Table:Rules of thumb for the area under the ROC curve (AUC) according to Hosmer et al. (2013).
Interpreting the ROC curve
• It is also possible to provide a 95% confidence interval (CI) for the area under the
ROC curve. These are presented in the "Lower Bound" and "Upper Bound"
columns under the "Asymptotic 95% Confidence Interval" column in the "Area
Under the Curve" table, as highlighted below:
Interpreting the ROC curve
• The area under the ROC curve was .804 (95% CI, .718 to .891), which is an
excellent level of discrimination according to Hosmer et al. (2013).
• If you have space in your report, you should also present the ROC curve
itself (as recommended by Hosmer et al., 2003).
Variables in the equation
• The Wald test ("Wald" column) is used to determine statistical significance for each
of the independent variables. The statistical significance of the test is found in the
"Sig." column. From these results you can see that age (p = .003), gender (p = .021)
and VO2max (p = .039) added significantly to the model/prediction, but weight (p =
.799) did not add significantly to the model.
Variables in the equation
• Luckily, SPSS Statistics also includes the odds ratios of each of the
independent variables in the "Exp(B)" column along with their confidence
intervals ("95% C.I. for EXP(B)" column). This informs you of the change in
the odds for each increase in one unit of the independent variable. For
example, for gender, an increase in one unit (i.e., being male) increases
the odds by 7.026. What this means is that the odds of having heart
disease ("yes" category) is 7.026 times greater for males as opposed to
females. Values less than 1.000 indicate a decreased odds for an increase
in one unit of the independent variable. Sometimes, for clarity, the odds
ratio is inverted (e.g., 1 / .906 = 1.10, for VO2max). Thus, you would state
that for each unit reduction in the independent variable, VO2max, the
odds of having heart disease increases by a factor of 1.10. Remember to
invert the confidence intervals as well if you take this latter approach.
summary
• A binomial logistic regression was performed to ascertain the effects of
age, weight, gender and VO2max on the likelihood that participants
have heart disease. The logistic regression model was statistically
significant, χ2(4) = 27.402, p < .0005. The model explained 33.0%
(Nagelkerke R2) of the variance in heart disease and correctly classified
71.0% of cases.

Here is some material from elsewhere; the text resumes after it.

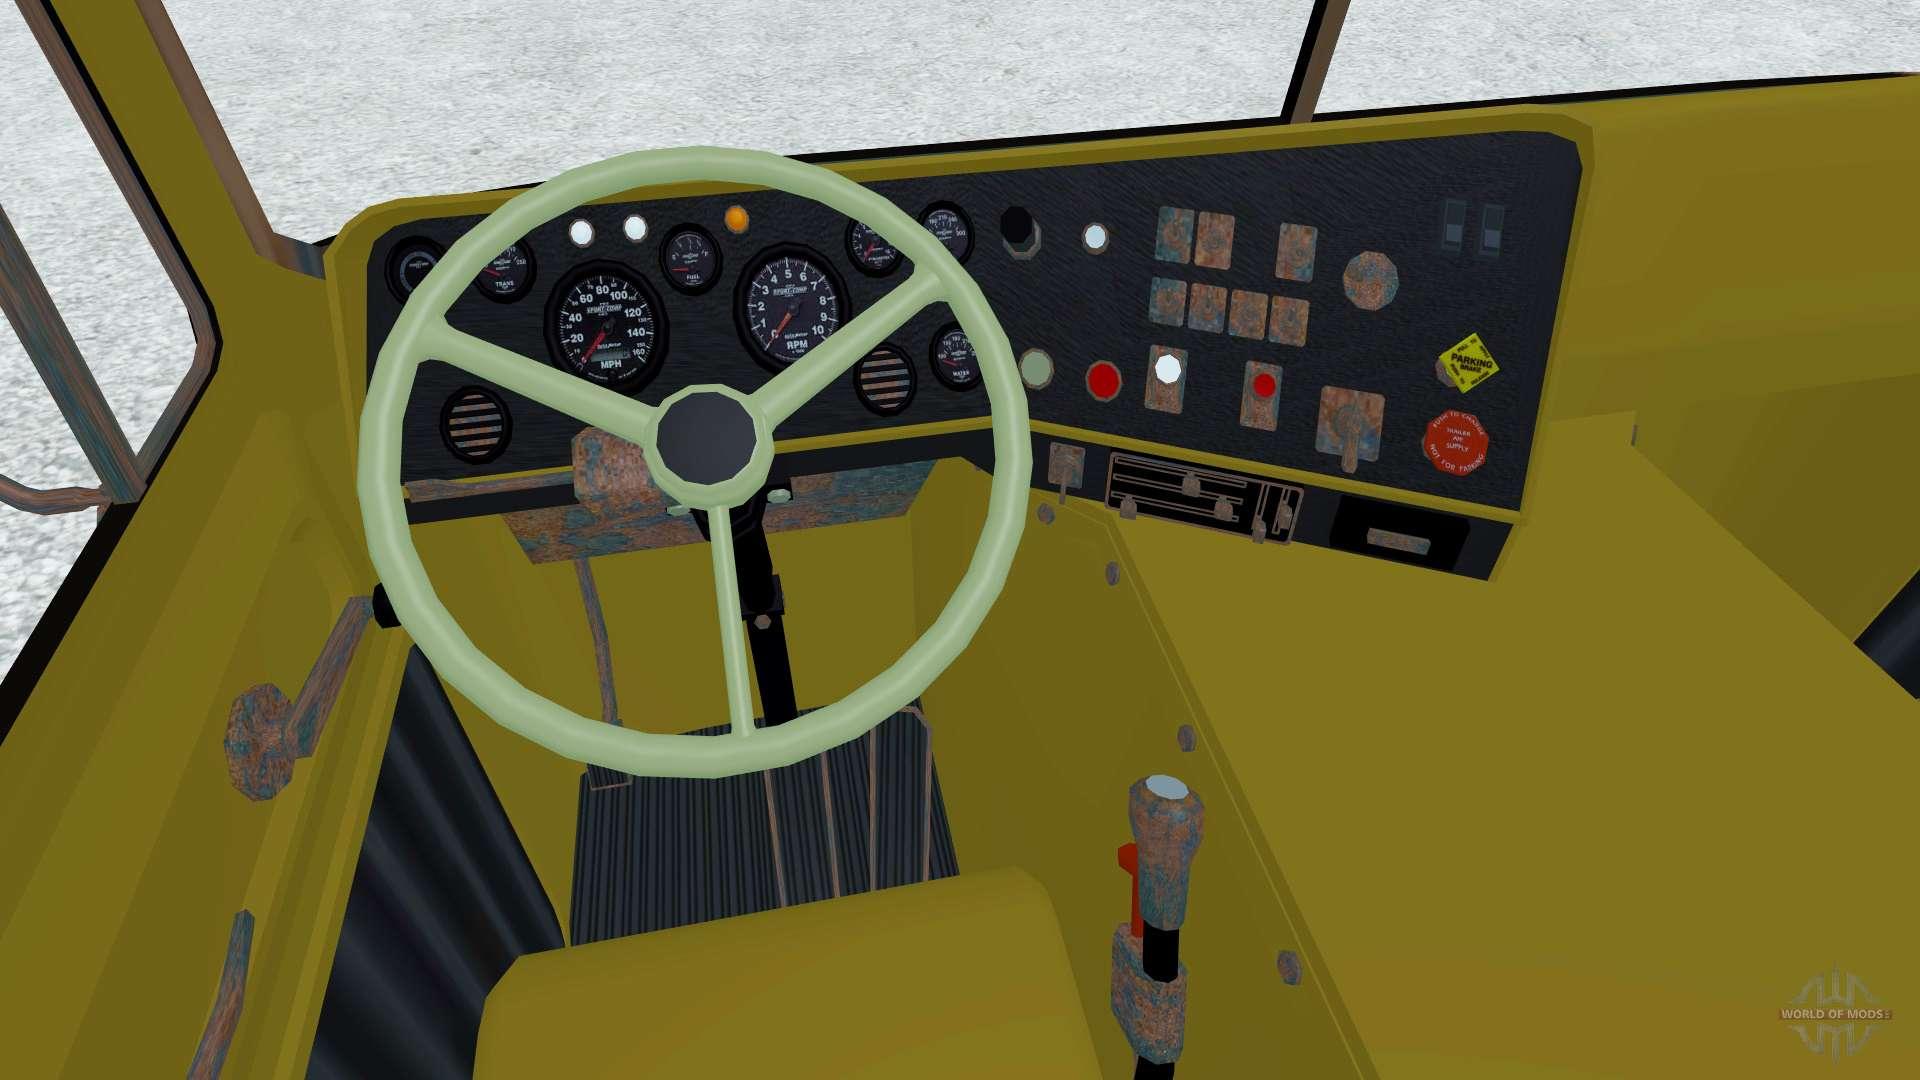 International transtar со 4070в 1979 for farming simulator 2013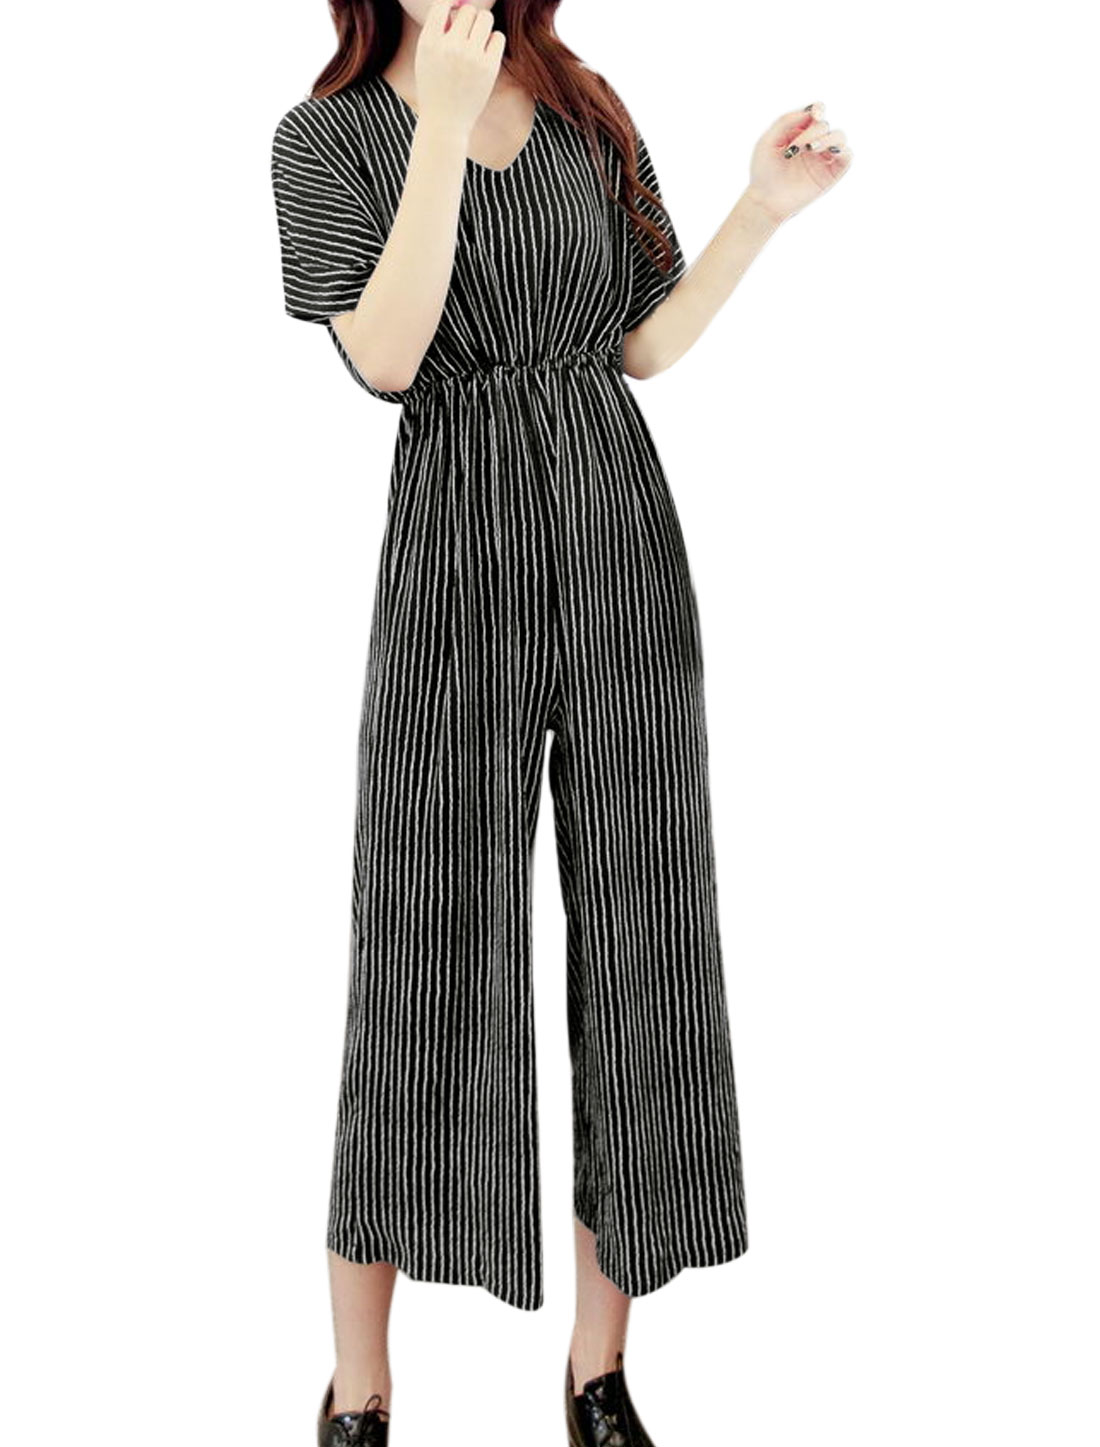 Women Batwing Sleeves Stripes Wide Leg Capris Jumpsuit Black XS

Sensitivity was 45.7%, specificity was 84.6%, positive
predictive value was 61.5% and negative predictive value was 74.3%. Of
the five predictor variables only three were statistically significant: age,
gender and VO2max (as shown in Table 1). Males had 7.02 times higher
odds to exhibit heart disease than females. Increasing age was
associated with an increased likelihood of exhibiting heart disease, but
increasing VO2max was associated with a reduction in the likelihood of
exhibiting heart disease.
summary
• A binomial logistic regression was performed to ascertain the effects of age,
weight, gender and VO2max on the likelihood that participants have heart disease.
Linearity of the continuous variables with respect to the logit of the dependent
variable was assessed via the Box-Tidwell (1962) procedure. A Bonferroni
correction was applied using all eight terms in the model resulting in statistical
significance being accepted when p < .00625 (Tabachnick & Fidell, 2014). Based on
this assessment, all continuous independent variables were found to be linearly
related to the logit of the dependent variable. There was one standardized residual
with a value of 3.349 standard deviations, which was kept in the analysis. The
logistic regression model was statistically significant, χ2(4) = 27.402, p < .0005. The
model explained 33.0% (Nagelkerke R2) of the variance in heart disease and
correctly classified 71.0% of cases. Sensitivity was 45.7%, specificity was 84.6%,
positive predictive value was 61.5% and negative predictive value was 74.3%. Of
the five predictor variables only three were statistically significant: age, gender and
VO2max (as shown in Table 1). Males had 7.02 times higher odds to exhibit heart
disease than females. Increasing age was associated with an increased likelihood
of exhibiting heart disease, but increasing VO2max was associated with a reduction
in the likelihood of exhibiting heart disease.